> **Exercise details**
Print every line of the data exactly as shown.

> **Given entries**
══════════

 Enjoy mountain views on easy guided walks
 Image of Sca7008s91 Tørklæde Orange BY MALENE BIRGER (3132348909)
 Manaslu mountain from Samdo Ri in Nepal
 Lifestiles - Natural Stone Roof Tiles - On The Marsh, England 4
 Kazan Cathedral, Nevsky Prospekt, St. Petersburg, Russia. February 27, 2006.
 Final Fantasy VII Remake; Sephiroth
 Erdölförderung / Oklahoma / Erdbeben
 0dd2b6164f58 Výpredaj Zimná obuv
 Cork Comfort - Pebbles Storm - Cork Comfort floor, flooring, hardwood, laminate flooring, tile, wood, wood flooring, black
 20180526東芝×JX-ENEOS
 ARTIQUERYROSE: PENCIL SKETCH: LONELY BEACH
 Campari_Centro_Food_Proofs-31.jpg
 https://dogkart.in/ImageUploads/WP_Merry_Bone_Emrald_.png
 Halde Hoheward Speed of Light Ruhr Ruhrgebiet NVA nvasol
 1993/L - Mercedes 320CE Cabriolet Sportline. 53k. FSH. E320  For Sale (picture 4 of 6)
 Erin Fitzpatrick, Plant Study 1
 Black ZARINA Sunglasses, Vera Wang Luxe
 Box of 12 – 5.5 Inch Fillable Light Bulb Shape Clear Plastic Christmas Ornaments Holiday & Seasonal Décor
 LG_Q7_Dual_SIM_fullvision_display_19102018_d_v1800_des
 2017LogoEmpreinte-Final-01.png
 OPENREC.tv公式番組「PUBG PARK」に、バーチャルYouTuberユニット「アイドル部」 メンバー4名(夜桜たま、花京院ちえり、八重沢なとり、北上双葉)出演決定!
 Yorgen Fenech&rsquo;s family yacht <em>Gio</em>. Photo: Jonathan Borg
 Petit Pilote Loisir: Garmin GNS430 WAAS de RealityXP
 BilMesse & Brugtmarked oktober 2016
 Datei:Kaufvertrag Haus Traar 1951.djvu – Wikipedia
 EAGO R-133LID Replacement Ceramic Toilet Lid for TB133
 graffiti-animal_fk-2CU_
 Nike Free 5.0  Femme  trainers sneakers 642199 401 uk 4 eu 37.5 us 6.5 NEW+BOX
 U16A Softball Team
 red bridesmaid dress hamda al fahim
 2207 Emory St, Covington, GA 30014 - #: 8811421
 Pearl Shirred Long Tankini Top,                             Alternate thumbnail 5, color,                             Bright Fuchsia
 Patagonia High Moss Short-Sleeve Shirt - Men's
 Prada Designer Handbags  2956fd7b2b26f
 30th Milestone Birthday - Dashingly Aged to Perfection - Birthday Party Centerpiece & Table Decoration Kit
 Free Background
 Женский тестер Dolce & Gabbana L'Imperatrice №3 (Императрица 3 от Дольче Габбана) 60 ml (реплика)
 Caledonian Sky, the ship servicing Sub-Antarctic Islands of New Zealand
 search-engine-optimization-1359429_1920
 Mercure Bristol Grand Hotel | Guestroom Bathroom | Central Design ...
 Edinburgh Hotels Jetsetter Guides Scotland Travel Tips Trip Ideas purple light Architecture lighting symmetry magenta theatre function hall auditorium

══════════

> **Solution to this task**
 Enjoy mountain views on easy guided walks
 Image of Sca7008s91 Tørklæde Orange BY MALENE BIRGER (3132348909)
 Manaslu mountain from Samdo Ri in Nepal
 Lifestiles - Natural Stone Roof Tiles - On The Marsh, England 4
 Kazan Cathedral, Nevsky Prospekt, St. Petersburg, Russia. February 27, 2006.
 Final Fantasy VII Remake; Sephiroth
 Erdölförderung / Oklahoma / Erdbeben
 0dd2b6164f58 Výpredaj Zimná obuv
 Cork Comfort - Pebbles Storm - Cork Comfort floor, flooring, hardwood, laminate flooring, tile, wood, wood flooring, black
 20180526東芝×JX-ENEOS
 ARTIQUERYROSE: PENCIL SKETCH: LONELY BEACH
 Campari_Centro_Food_Proofs-31.jpg
 https://dogkart.in/ImageUploads/WP_Merry_Bone_Emrald_.png
 Halde Hoheward Speed of Light Ruhr Ruhrgebiet NVA nvasol
 1993/L - Mercedes 320CE Cabriolet Sportline. 53k. FSH. E320  For Sale (picture 4 of 6)
 Erin Fitzpatrick, Plant Study 1
 Black ZARINA Sunglasses, Vera Wang Luxe
 Box of 12 – 5.5 Inch Fillable Light Bulb Shape Clear Plastic Christmas Ornaments Holiday & Seasonal Décor
 LG_Q7_Dual_SIM_fullvision_display_19102018_d_v1800_des
 2017LogoEmpreinte-Final-01.png
 OPENREC.tv公式番組「PUBG PARK」に、バーチャルYouTuberユニット「アイドル部」 メンバー4名(夜桜たま、花京院ちえり、八重沢なとり、北上双葉)出演決定!
 Yorgen Fenech&rsquo;s family yacht <em>Gio</em>. Photo: Jonathan Borg
 Petit Pilote Loisir: Garmin GNS430 WAAS de RealityXP
 BilMesse & Brugtmarked oktober 2016
 Datei:Kaufvertrag Haus Traar 1951.djvu – Wikipedia
 EAGO R-133LID Replacement Ceramic Toilet Lid for TB133
 graffiti-animal_fk-2CU_
 Nike Free 5.0  Femme  trainers sneakers 642199 401 uk 4 eu 37.5 us 6.5 NEW+BOX
 U16A Softball Team
 red bridesmaid dress hamda al fahim
 2207 Emory St, Covington, GA 30014 - #: 8811421
 Pearl Shirred Long Tankini Top,                             Alternate thumbnail 5, color,                             Bright Fuchsia
 Patagonia High Moss Short-Sleeve Shirt - Men's
 Prada Designer Handbags  2956fd7b2b26f
 30th Milestone Birthday - Dashingly Aged to Perfection - Birthday Party Centerpiece & Table Decoration Kit
 Free Background
 Женский тестер Dolce & Gabbana L'Imperatrice №3 (Императрица 3 от Дольче Габбана) 60 ml (реплика)
 Caledonian Sky, the ship servicing Sub-Antarctic Islands of New Zealand
 search-engine-optimization-1359429_1920
 Mercure Bristol Grand Hotel | Guestroom Bathroom | Central Design ...
 Edinburgh Hotels Jetsetter Guides Scotland Travel Tips Trip Ideas purple light Architecture lighting symmetry magenta theatre function hall auditorium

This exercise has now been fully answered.